Животное не двигалось с места.

– Ожидаешь услышать ответ?

Пёс язык убрал и вновь показал зубы. Я понял, что доверительного разговора между нами не получится.

– Уходи! – Я захлопнул дверь и вернулся к окну.

Возле припаркованной у тротуара длинной чёрной машины стояла пожилая дама в блестящей накидке. Я вздрогнул. Так вздрагивают, когда знаешь, что тебе предстоит испытать неминуемую боль.

– То самое лицо… – пробормотал я. – Ведь то самое…

К чёрной машине подбежал Цицерон.

Распахнулись дверцы.

Машина сорвалась с места.

Вдруг ощутив себя существом, угодившим в ловушку, я отпрянул от окна и повалился в кресло. В памяти заворошились залежи из прошлого —

этюд Листа № 3,

элегия Массне,

девушка Юдит, волосы которой пахли духами «Chanel № 5».

Прошлое…

Я взглянул на часы.

Секундная стрелка неумолимо подталкивала себя в будущее.

Время…

Оно то – что когда ночь.

И то – что когда день.

И то – что когда цветут апельсиновые деревья.

И то – что когда с деревьев опадают листья.

И то – что когда стал человек.

И то – что когда человека не станет.

И то – что целиком умещает в себе жизнь.

И то – в чём жизнь целиком не умещается.

И то – что…

Моё время – это то, что «теперь», и что через мгновенье «теперь» уже не будет.

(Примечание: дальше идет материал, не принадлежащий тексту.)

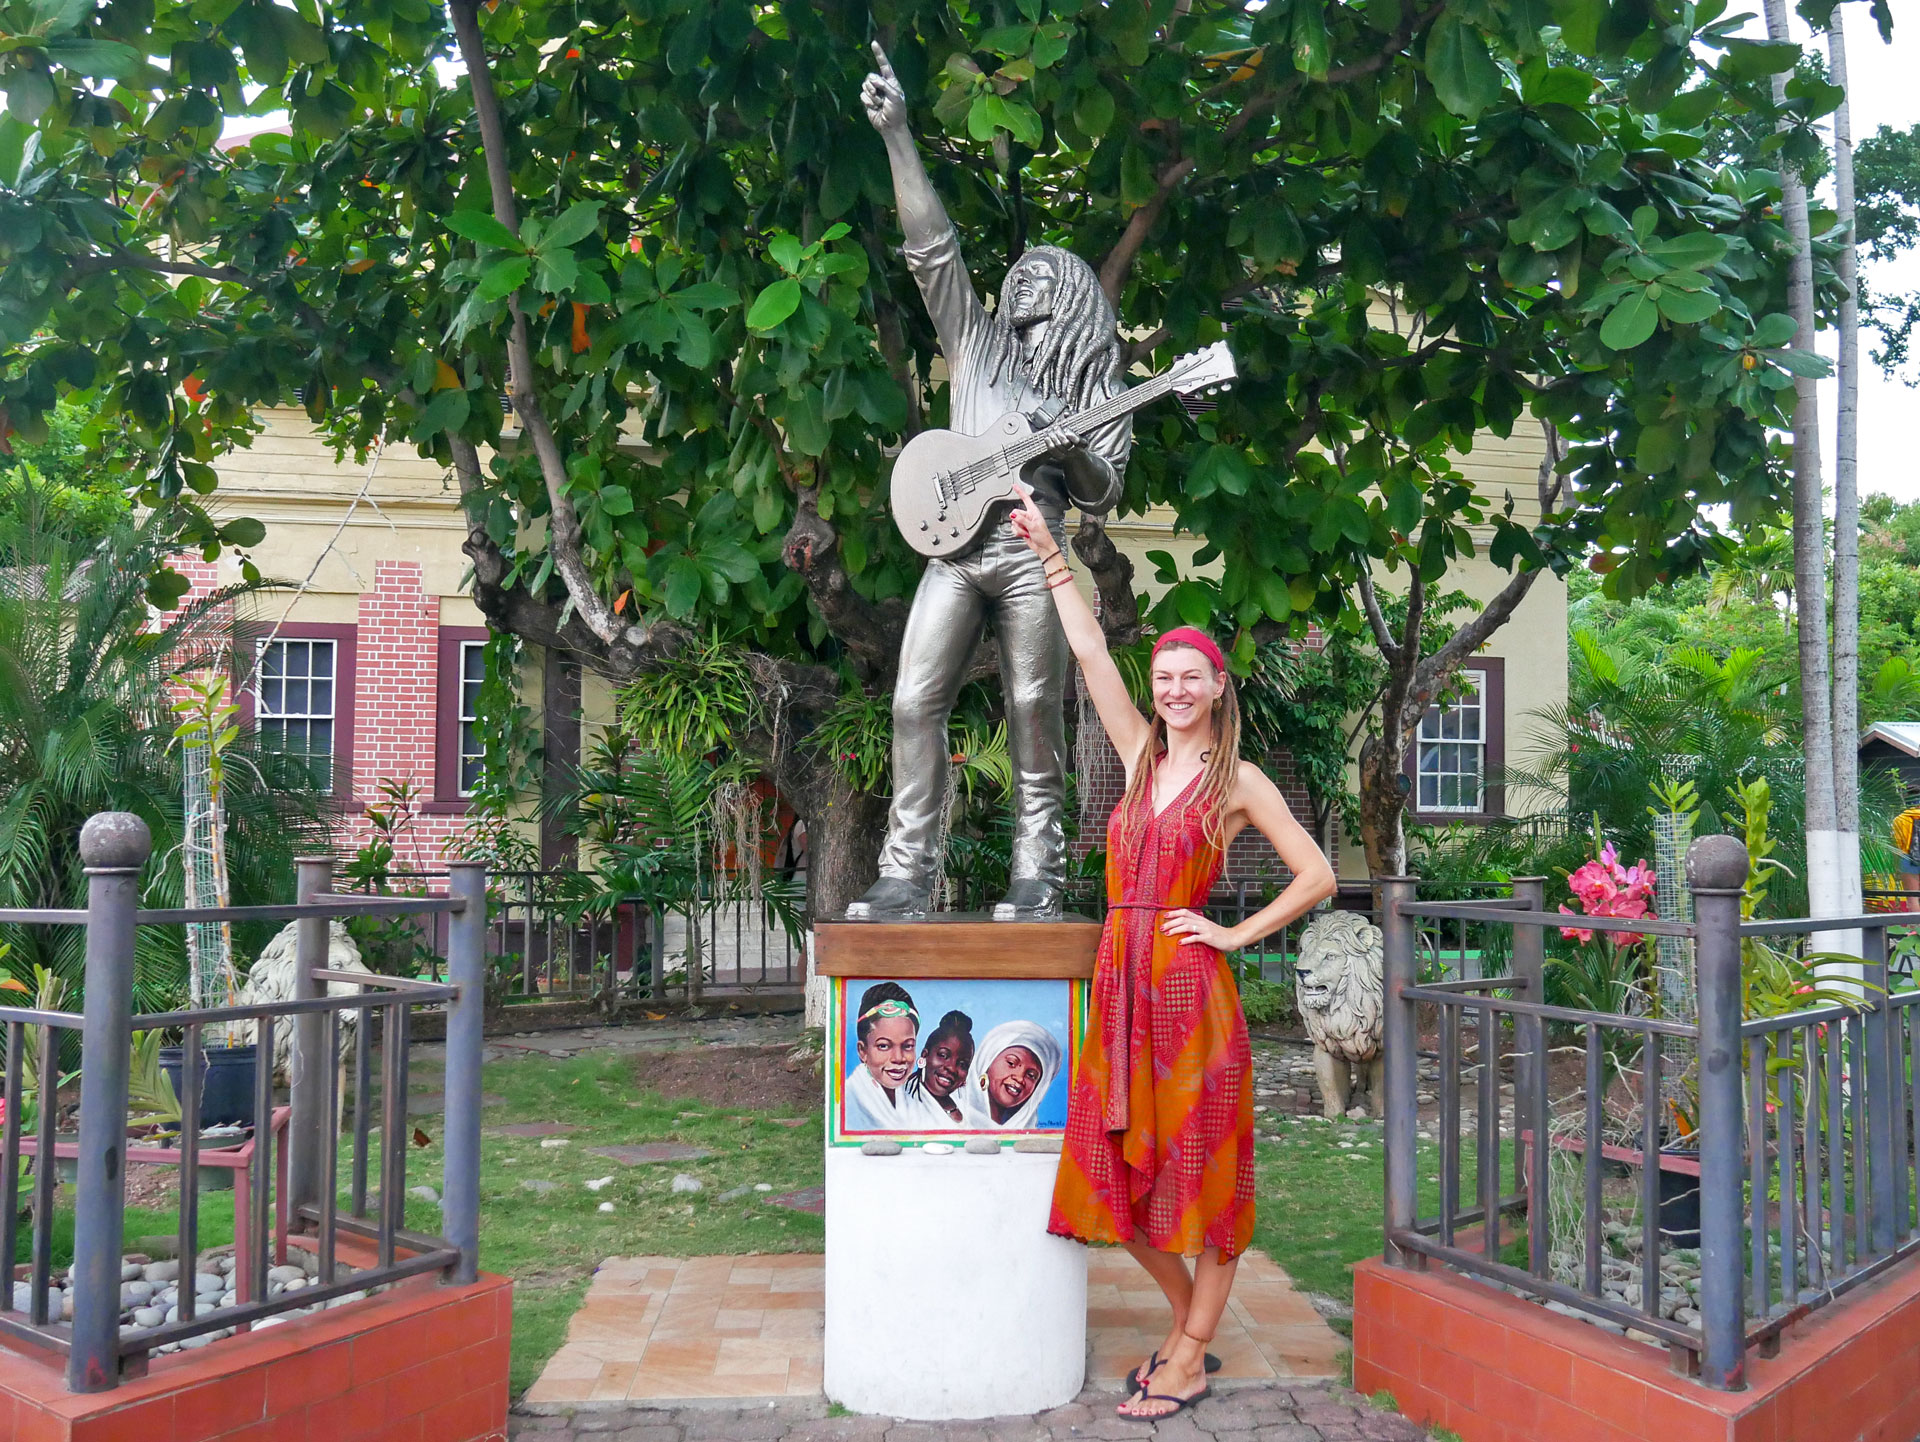 Rasta girl and Bob Marley statue at museum in Kingston, Jamaica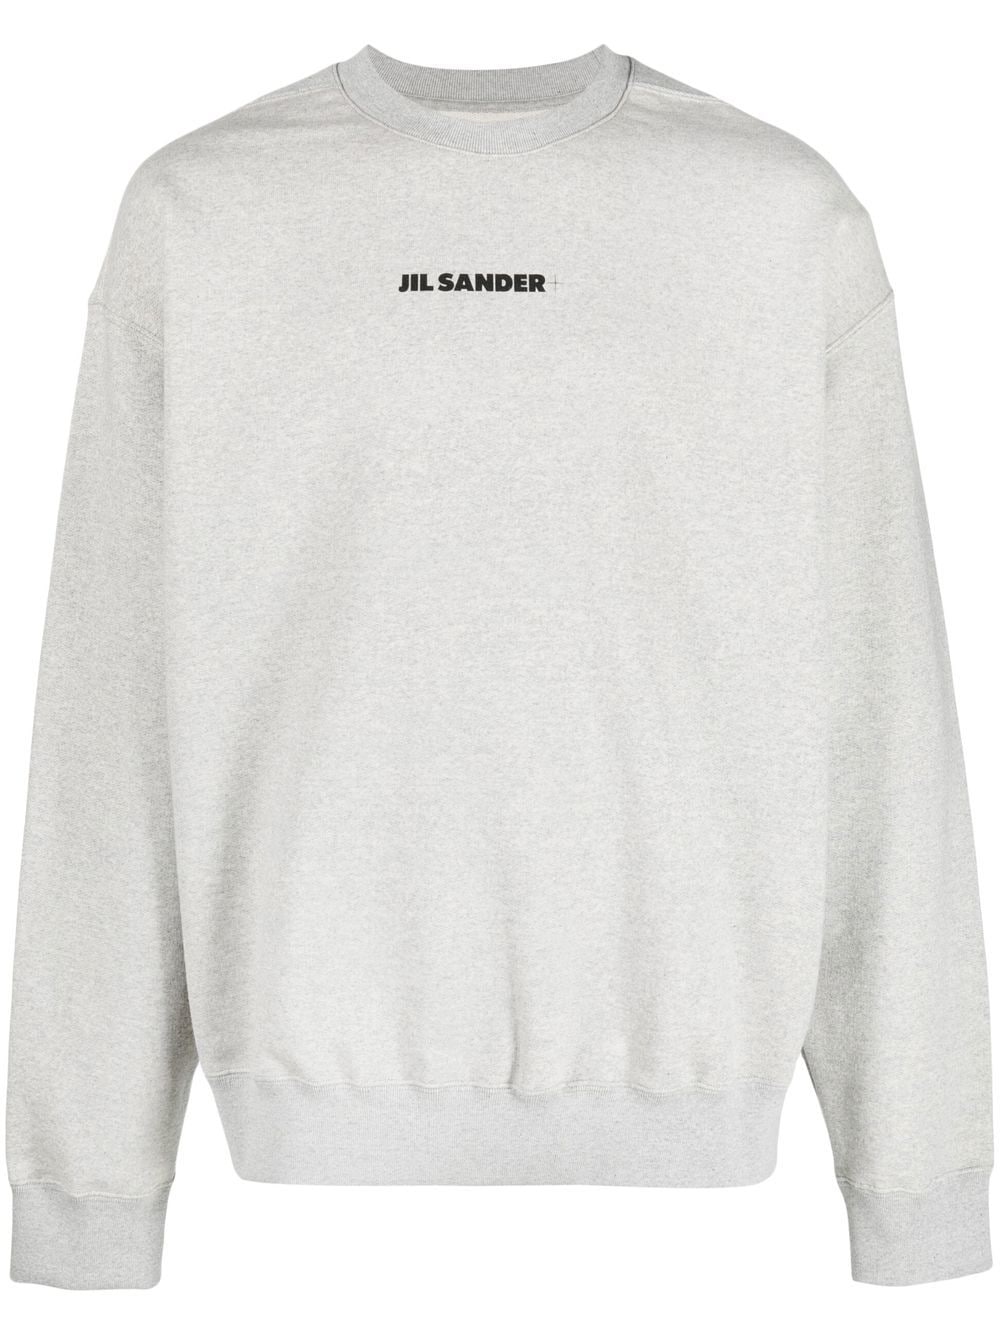 Jil Sander Sweatshirt mit Logo-Print - Grau von Jil Sander

На коленях вздрогнула записка.

«Винюсь перед собой, винюсь перед вами» – что это значит?

Я думал.

Я гадал.

Мысли не шли.

Слова не находились.

Я закрыл глаза – почудился (послышался) запах духов «Chanel № 5».

Здесь…

Сейчас…

Зачем?

Я открыл глаза.

6:44.

Подумал: «Стрелки часов удаляют меня от моей жизни. Уже? Разве уже?»

Не хочу.

Пока ещё нет.

«Может, сорвать с часов стрелки, и тогда…»

Тишина.

Я прислушался.

Юный голос Эстер сказал:

– Ты меня не предашь?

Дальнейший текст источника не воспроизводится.